Thus carolled Fred Locker, just sixty years back,
In a year (’57) when the outlook was black,
And even to-day the war-weariest Willie
Recovers his spirits in dear Piccadilly.
We haven’t the belles with their Gainsborough hats,
Or the Regency bucks with their wondrous cravats,
But now that the weather no longer is chilly
There’s much to enchant us in New Piccadilly.
As I sit in my club and partake of my “ration,”
No longer I’m vexed by the follies of fashion;
The dandified Johnnies so precious and silly—
You seek them in vain in the New Piccadilly.
The men are alert and upstanding and fit,
They’ve most of them done or they’re doing their bit;
With the eye of a hawk and the stride of a gillie
They add a new lustre to Old Piccadilly.
And the crippled but gay-hearted heroes in blue
Are a far finer product than wicked “old Q,”

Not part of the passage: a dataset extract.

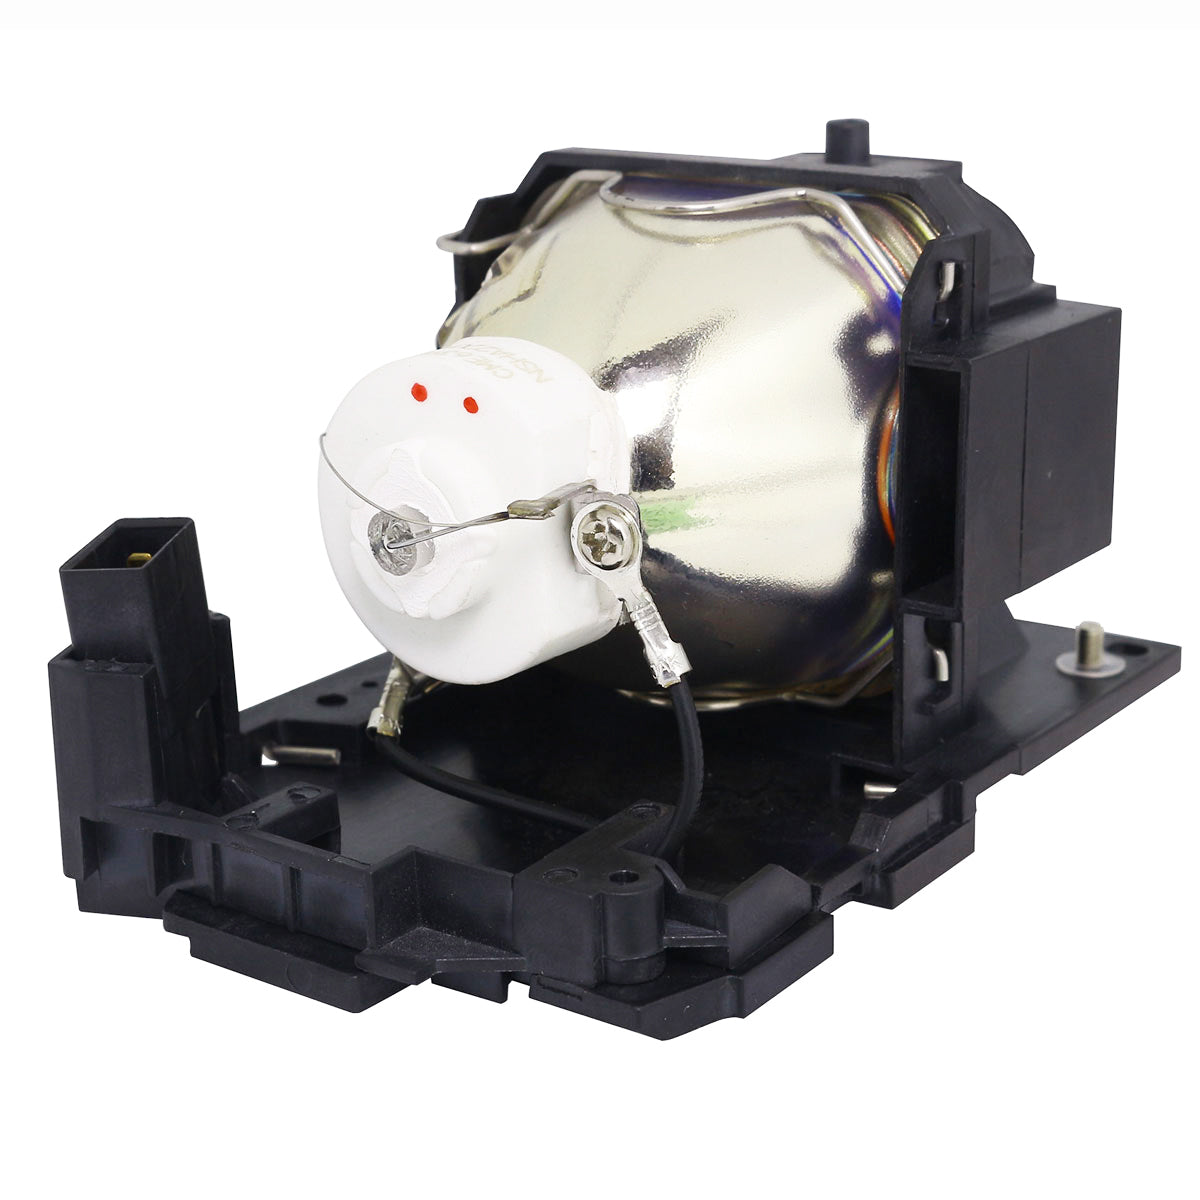 Hitachi DT01181 Ushio Projector Lamp Module

Who ought to have lived in a prison on skilly
Instead of a palace in mid Piccadilly.
The women are splendid, so quiet and strong,
As with resolute purpose they hurry along—
Excepting the flappers, who chatter as shrilly
As parrots let loose to distract Piccadilly.
Thus I muse as I watch with a reverent eye
The New Generation sweep steadily by,
And judge him an ass or a born Silly Billy
Who’d barter the New for the Old Piccadilly.

TO “MARTIN ROSS”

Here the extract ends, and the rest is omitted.